Ich nehme die Schale entgegen und schließe meine Augen. Ich konzentriere mich und suche nach dem Element Wasser in mir. Nachdem ich es gefunden habe, stelle ich mir vor, wie es aus meiner Seele in die Schale fließt. Zaghaft öffne ich meine Augen und sehe, dass sich eine kleine Pfütze in der Schale gebildet hat.

»Sehr gut«, meint die Königin begeistert.

Etwa zwei Stunden verbringen wir damit jedes Element aufzurufen, was mir schließlich auch gelingt. Mit dem Feuer habe ich die meisten Probleme, da es viel Magie erfordert. Valeria ist ganz nett und freut sich aufrichtig über meine kleinen Fortschrotte, die ich mache. Sie gibt mir Tipps, wie ich besser meine Magie lenken kann. Irgendwann entlässt sie mich und ich beschließe durch das Schloss zu schlendern. Alles ist üppig mit Gold verziert und ich frage mich, wie viel das Schloss wert ist. Nach unzähligen Gängen, in denen Bedienstete umher huschen und ihrer Arbeit nachgehen, finde ich schließlich eine Tür, die in den großen Schlossgarten führt. Pflanzen mochte ich schon immer. Neugierig erkunde ich den Garten und betrachte die vielen verschiedenen Blumen. Dem Volk ist es nicht gestattet den Garten zu betreten, nur einige Adlige machen gerade einen Spaziergang.

Nachdem ich einen Brunnen begutachtet habe, höre ich metallische Geräusche. Hört sich an wie Schwerter. Ich folge den Geräuschen und entdecke schließlich Julian und Malek, die gegeneinander kämpfen. Beide haben ihre Tuniken aufgeknöpft, da ihnen offensichtlich warm ist.

Malek bemerkt mich zuerst und führt kurzerhand einen Hieb aus, der Julian das Schwert aus der Hand fegt. Malek steckt sein Schwert ins Gras und verbeugt sich.

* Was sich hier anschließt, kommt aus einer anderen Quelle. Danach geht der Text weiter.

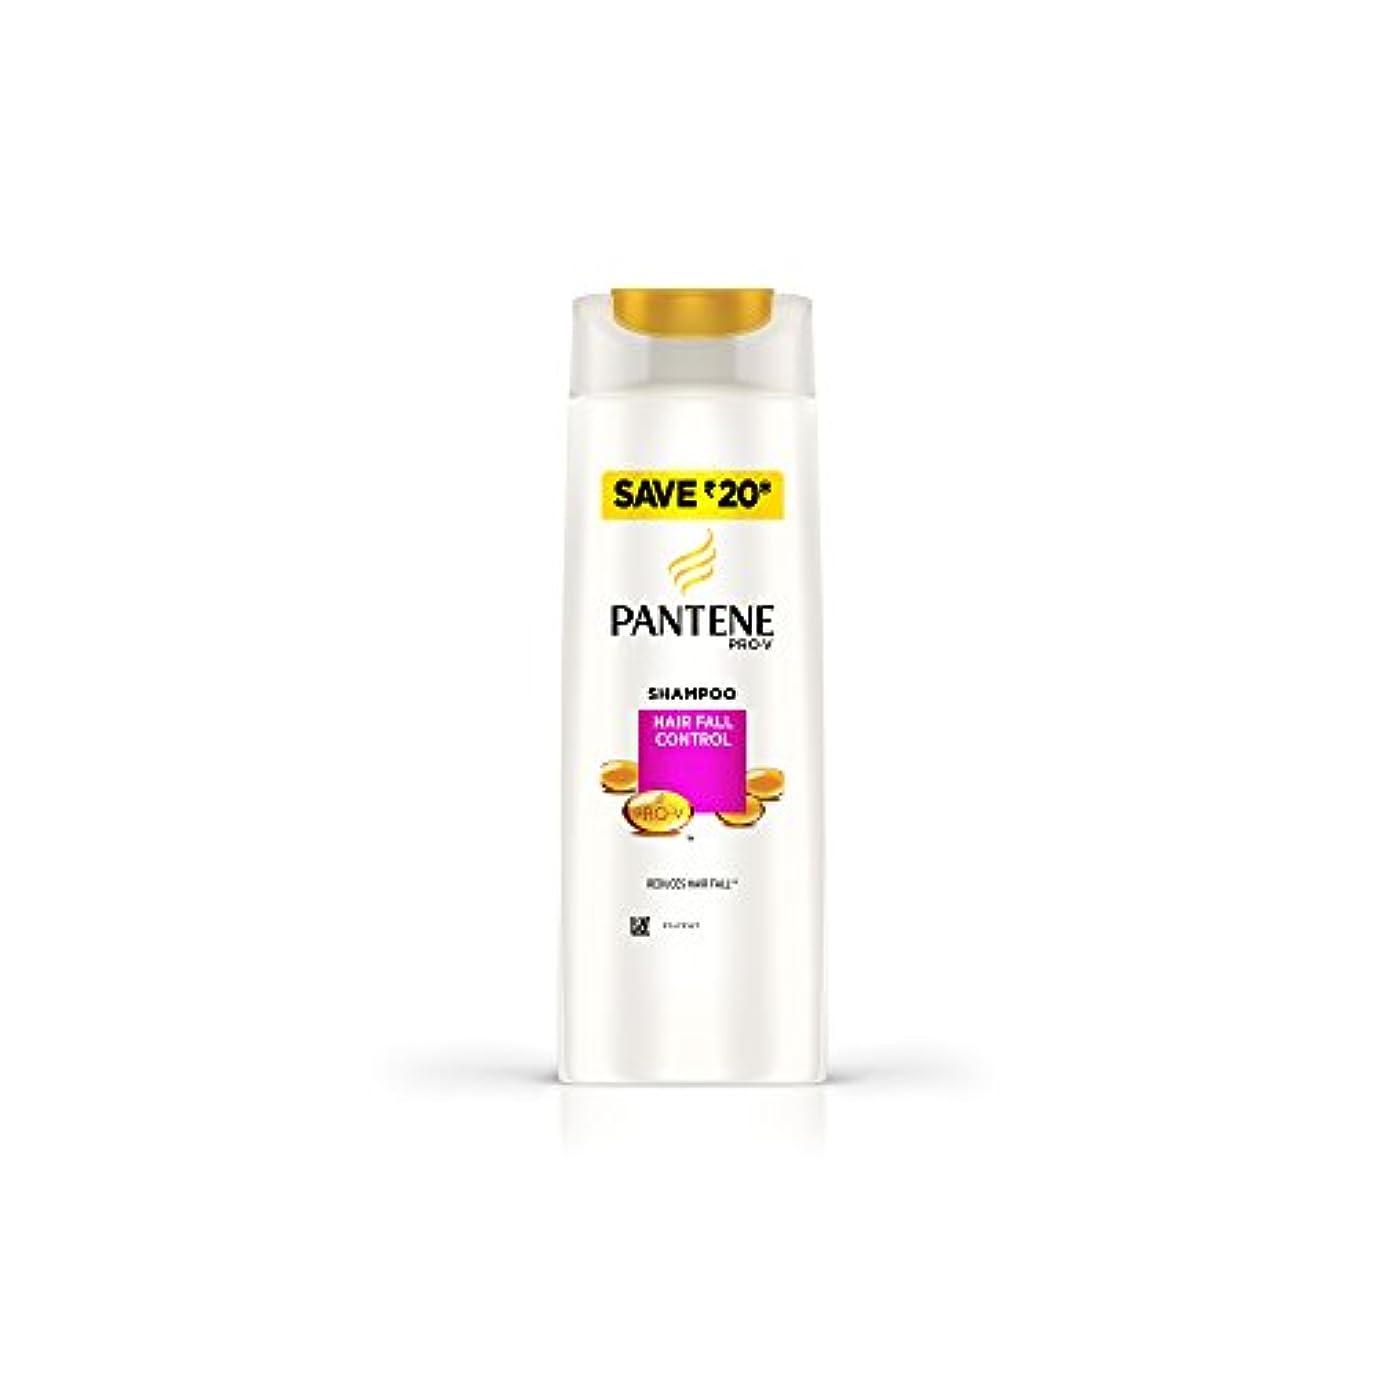 ぬれたパーク発揮するPANTENE Hair Fall control SHAMPOO 180 ml (PANTENEヘアフォールコントロールシャンプー180ml)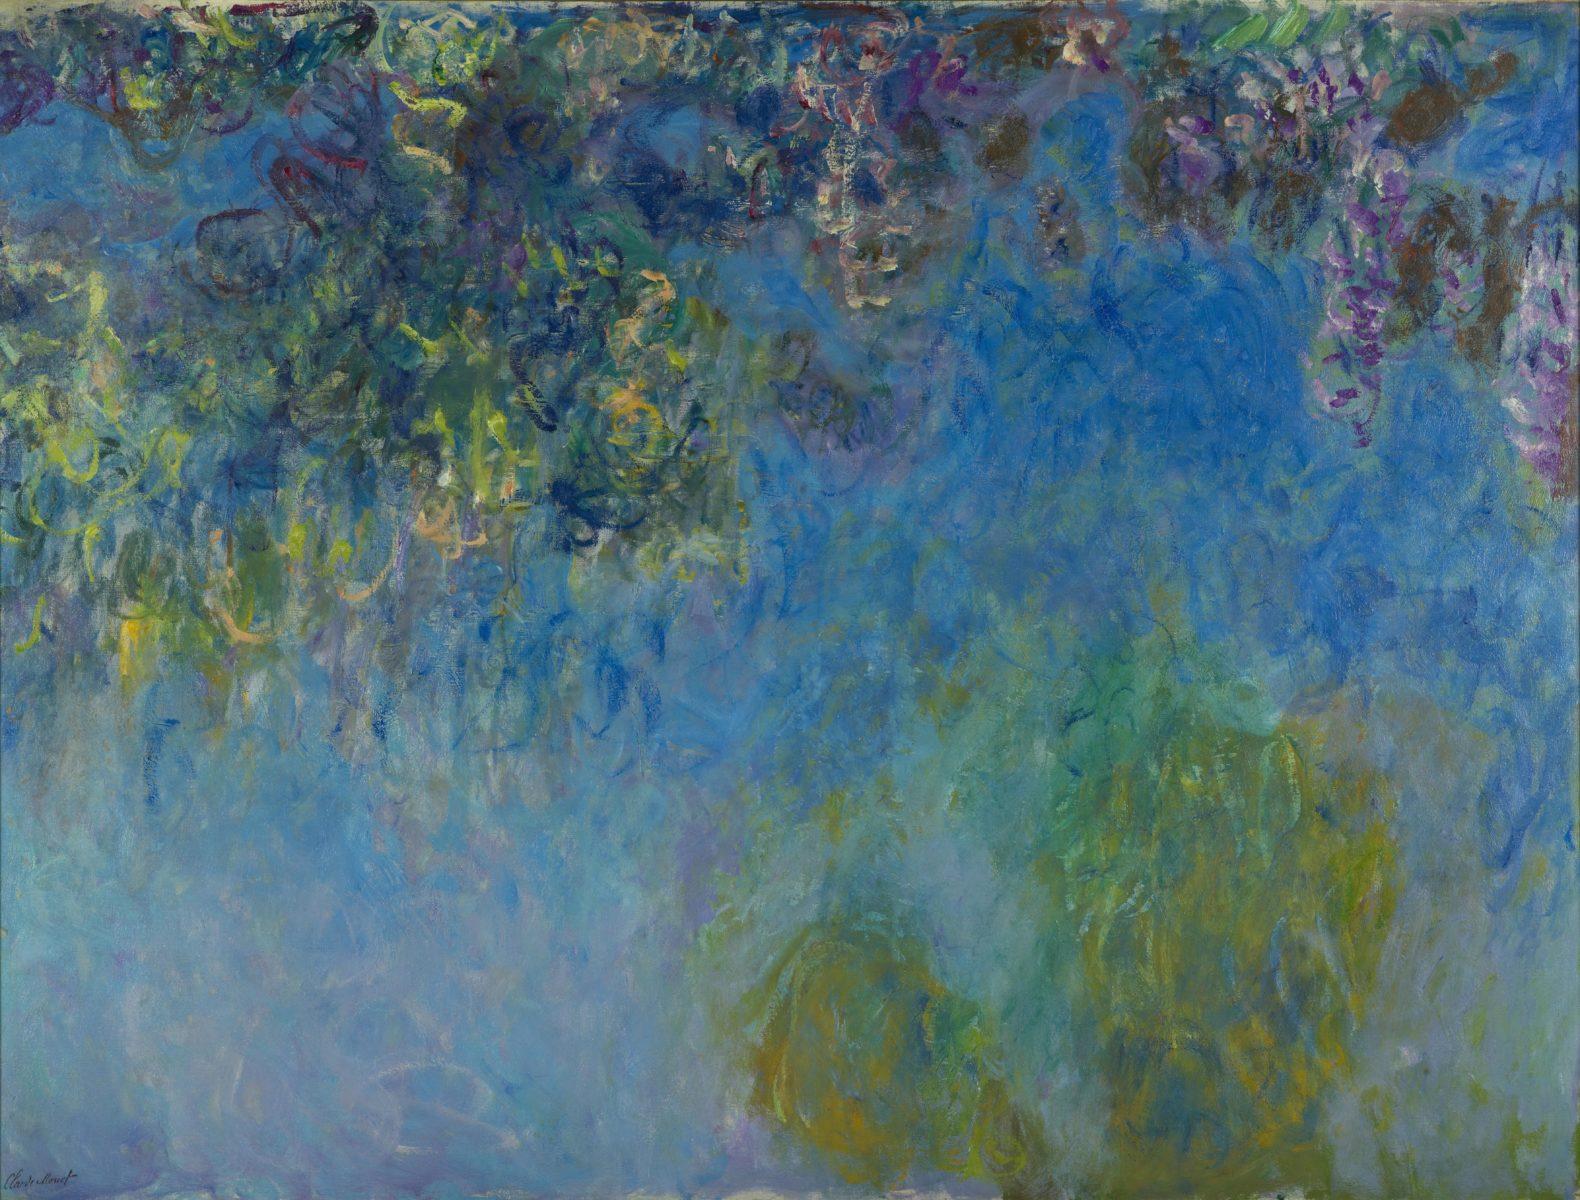 Claude Monet (1840-1926), Wisteria, 1917 -1920. Gemeentemuseum Den Haag.

»Göttliche«, sagt er. Der offizielle Gruß, der mir Respekt entgegenbringen soll.

»Bitte mach das nicht«, erwidere ich und Malek richtet sich wieder auf.

»Wenn du wünschst ...«

Die königliche Familie muss mir diesen Gruß nicht entgegenbringen. Zum Glück. Ich fühle mich unwohl dabei.